Beginning 2010, all of Malaysia Airlines' new Airbus A330 and Boeing 737 aircraft sport the new standard airline livery featuring two strips of red and blue emerging from the bottom of the fuselage. The wau bulan on the tail was also refreshed. Although still featuring a sheared swept-back look with its colours in red and blue, its tails have been extended to appear twinned. Moreover, the airline's name on the fuselage is presented in full unlike before and it is entirely blue.

In 2012, the corporate logo of red and blue wau bulan was refreshed. The new wau bulan faces right, as it did in the original 1971 logo, and its tails have been extended. Initially, the airline settled for an all blue wau bulan but it has since reverted it to its red and blue form. The wordmark has also been modernised with a new typeface and the word "airlines" is now presented in lowercase. That same year, the airline also unveiled a new and exclusive livery for its Airbus A380 fleet to highlight the flagship carrier of the airline. It features an all-blue wau bulan on the tail and strip of blue ribbon on the fuselage and engines, the airline's name is entirely in blue as well.

Alliance

In August 2011, Malaysia Airlines agreed to collaborate with AirAsia through a share swap. The share swap between Malaysia Airlines' major shareholder and that of AirAsia was later undone in May 2012 due to resistance from certain quarters of its staff.

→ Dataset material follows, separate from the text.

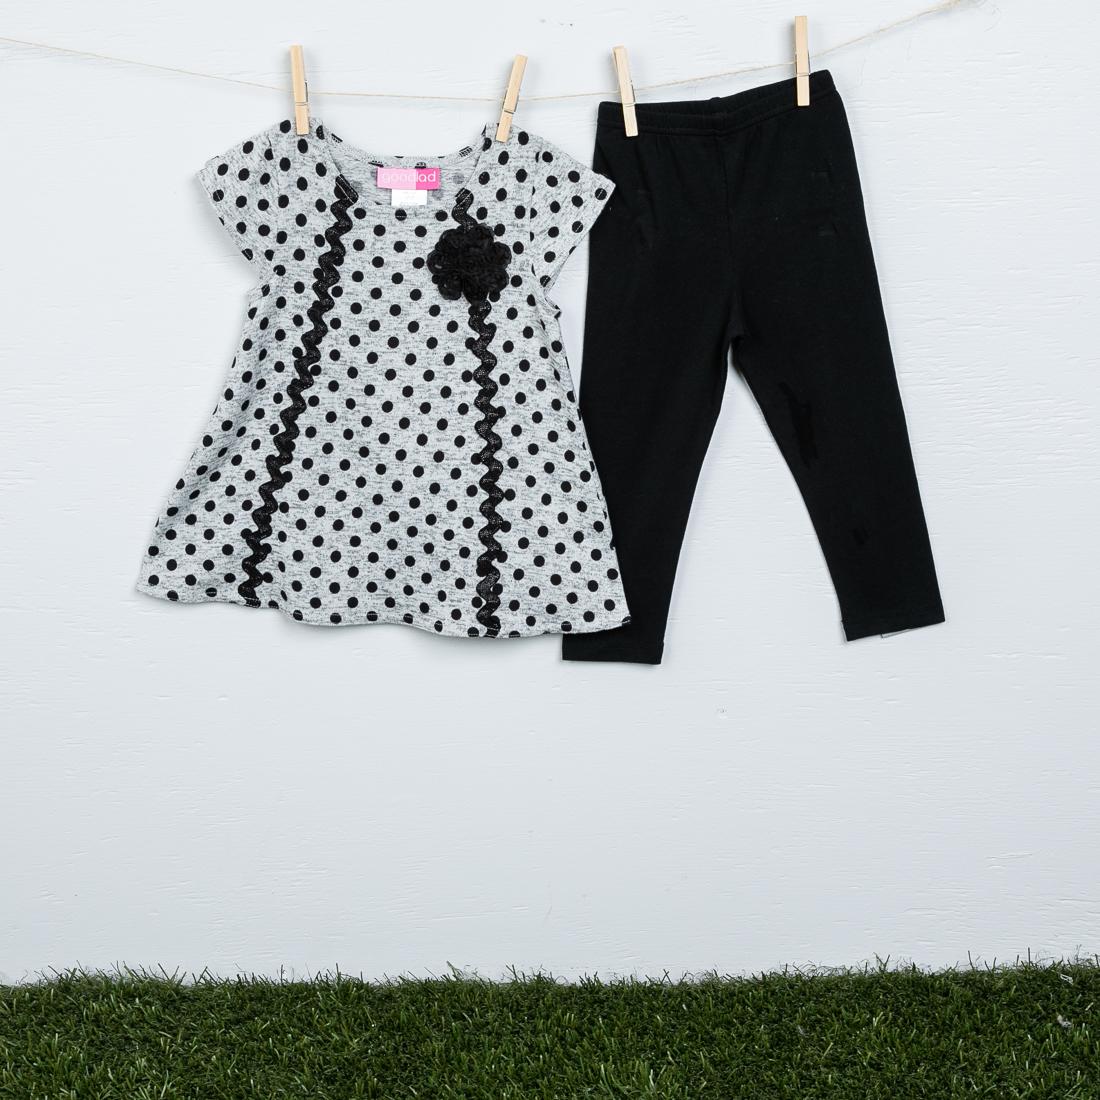 Black and Gray Polka Dot Legging Set & Kids Infants Toddlers | Clothing Accessories - Cracker Barrel Old ...

On 1 February 2013, Malaysia Airlines became a member of the Oneworld alliance, thus adding 16 new destinations into the alliance's map. Malaysia Airlines would now be able to fly its passengers to over 842 destinations across 156 countries.

As in December 2020, Malaysia airlines now flies to a total of 59 destinations which consist of Domestic Malaysia, South East Asia, China, North Asia, South Asia, Australia, New Zealand and United Kingdom.

Destinations

Before the introduction of the Business Turnaround Plan in 2006, Malaysia Airlines operated 118 domestic routes within Malaysia and 114 international routes across six continents. Under the Business Turnaround Plan, numerous routes were axed and frequencies reduced. Among these routes are Manchester, Vienna, Fukuoka, Chengdu, Nagoya, Xi'an, Cairo, Kolkata, Ahmedabad and Zürich. Malaysia Airlines became the first airline in Southeast Asia to fly to South Africa, following the demise of apartheid, and was the only airline in Southeast Asia that served South America via South Africa until 2012. Prior the MH17 and MH370's crashes, it had further suspended services to Cape Town, Rome, Dammam, Karachi, Surabaya, Johannesburg and Los Angeles. After the removal of the destinations such as Istanbul, Malé, Amsterdam, Paris, Brisbane (resumed June 2018), Frankfurt, Kunming, Krabi and Kochi (resumed March 2019), London (Heathrow) is the only remaining European destination.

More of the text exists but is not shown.